Visit a Classical Building

I researched a number of classical buildings locally for this project. Unfortunately the best examples e.g. Holkham Hall, were closed for the winter and not due to reopen until after Easter. Another possibility was the Norwich Union building in Surrey Street, Norwich. However the course notes state that ideally students should choose a building where the interior is fully accessible to the public, so this ruled the Norwich Union building out as the interior is still used as offices by Aviva and is not fully accessible.

I had planned a trip to London to study some Greek vase paintings and Roman and Greek sculptures so I decided to combine this with the visit to a classical building – the British Museum.

The original design for the museum was a quadrangle with 4 (North, East, South and West) wings. According to the website of the British Museum the building was designed in 1823 by the architect Sir Robert Smirke and was completed in 1852. The design included galleries for classical sculpture as well as staff residences.
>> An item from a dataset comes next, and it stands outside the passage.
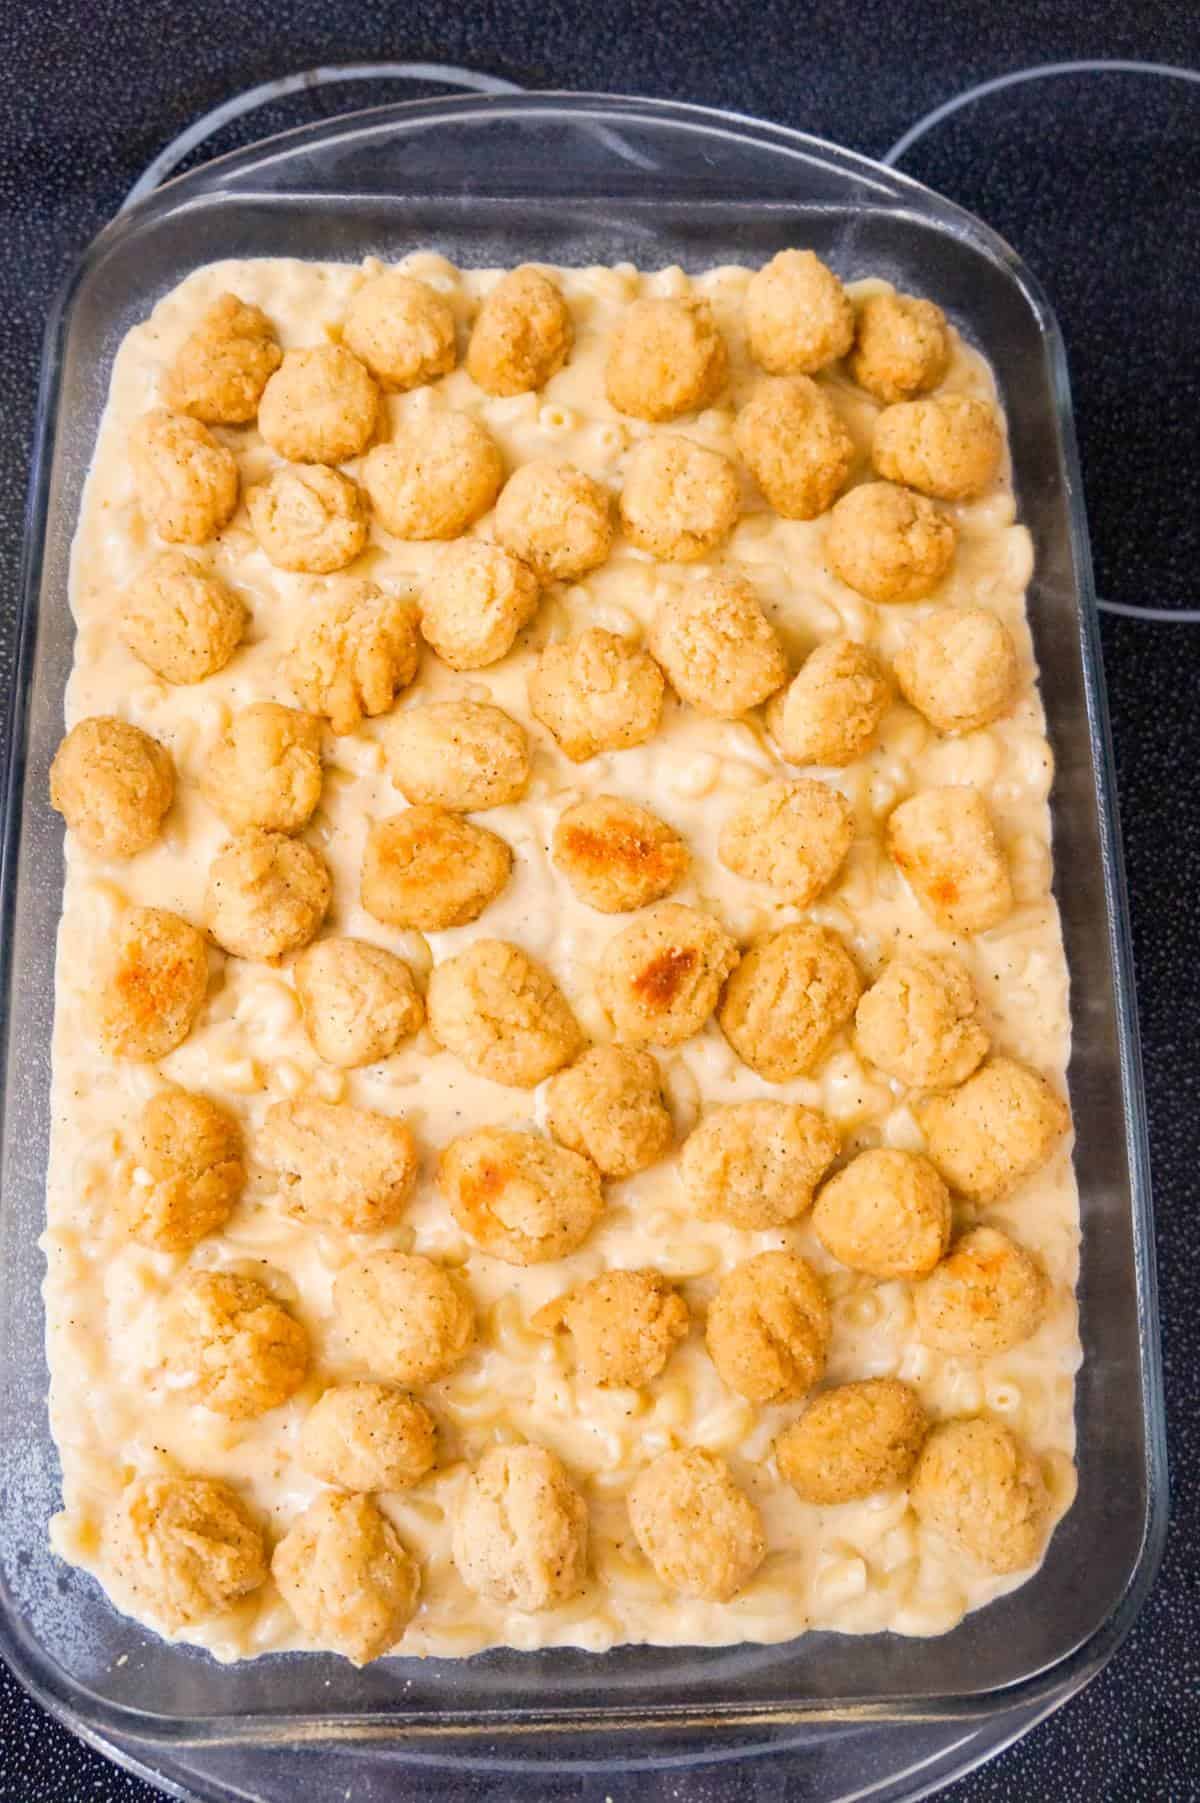 popcorn chicken on top of mac and cheese in a baking dish

According to Oxford Art Online Smirke “was a classicist and he was strongly influenced by the rationalist spirit of neo-classicism” The British Museum website states “Smirke designed the building in the Greek Revival style, which emulated classical Greek architecture.” Describing the South Entrance and Museum forecourt the website continues “The external architecture of the museum was designed to reflect the purpose of the building. The monumental South entrance, with its stairs’ colonnade and pediment, was intended to reflect the wondrous objects housed inside.” Oxford Art Online describes the South entrance “Here a massive Ionic peristyle is combined with a central portico produce an effect of great gravity and power.



Certainly gravity and power were two of the descriptions I would have used to describe the main entrance to the museum. Massive ionic columns support a pediment above the main entrance which is adorned by a number of classical style sculptures.


The sense of gravity and power continues inside within the galleries where sculptures and many other exhibits are displayed in large galleries with very high ceiling heights in many parts. According to Oxford Art Online Smirke was probably the first British architect to use cast iron girders and stanchions “enabling him to roof wide spaces economically and soundly and without internal supports.”

The way in which the design of the building was influenced by the Greek style is shown by one of the exhibits within the museum. In one of the galleries is the Nereid Monument which is a tomb in the form of a Greek temple.


I was struck by the similarities between the main South entrance to the museum and that of the Nereid monument inside. There can be few examples where the major influence on the design of a building can be seen from an exhibit within it.

A number of additions have been made to the building since its original construction including the Reading Room, built within the quadrangle and completed in 1857; the White Wing constructed in 1882-85 and the Duveen Gallery completed in 1939. In 2000 the Great Court, designed by Foster and Partners opened.

The Greek theme continues on the inside of the building, particularly the ceiling of the Weston Hall (designed by Smirke’s brother Sydney) where “The patterns and colours on the ceiling of the Weston Hall were borrowed from classical Greek buildings, which would have been brightly decorated.” (British Museum website).

Sir Robert Smirke was responsible for a number of other private and public buildings including the Theatre Royal in London where Smirke was one of the first architects in Europe to employ the Greek Doric order in public buildings. “It appeared first in his portico for the Theatre Royal, a very impressive building with a Greek facade.” (Oxford Art Online)

Oxford Art Online concludes that Smirke’s architecture “displayed many impressive qualities; grandeur, intelligibility, sound construction and monumental power; and in the British Museum he created one of the great cultural monuments of 19th century Europe.”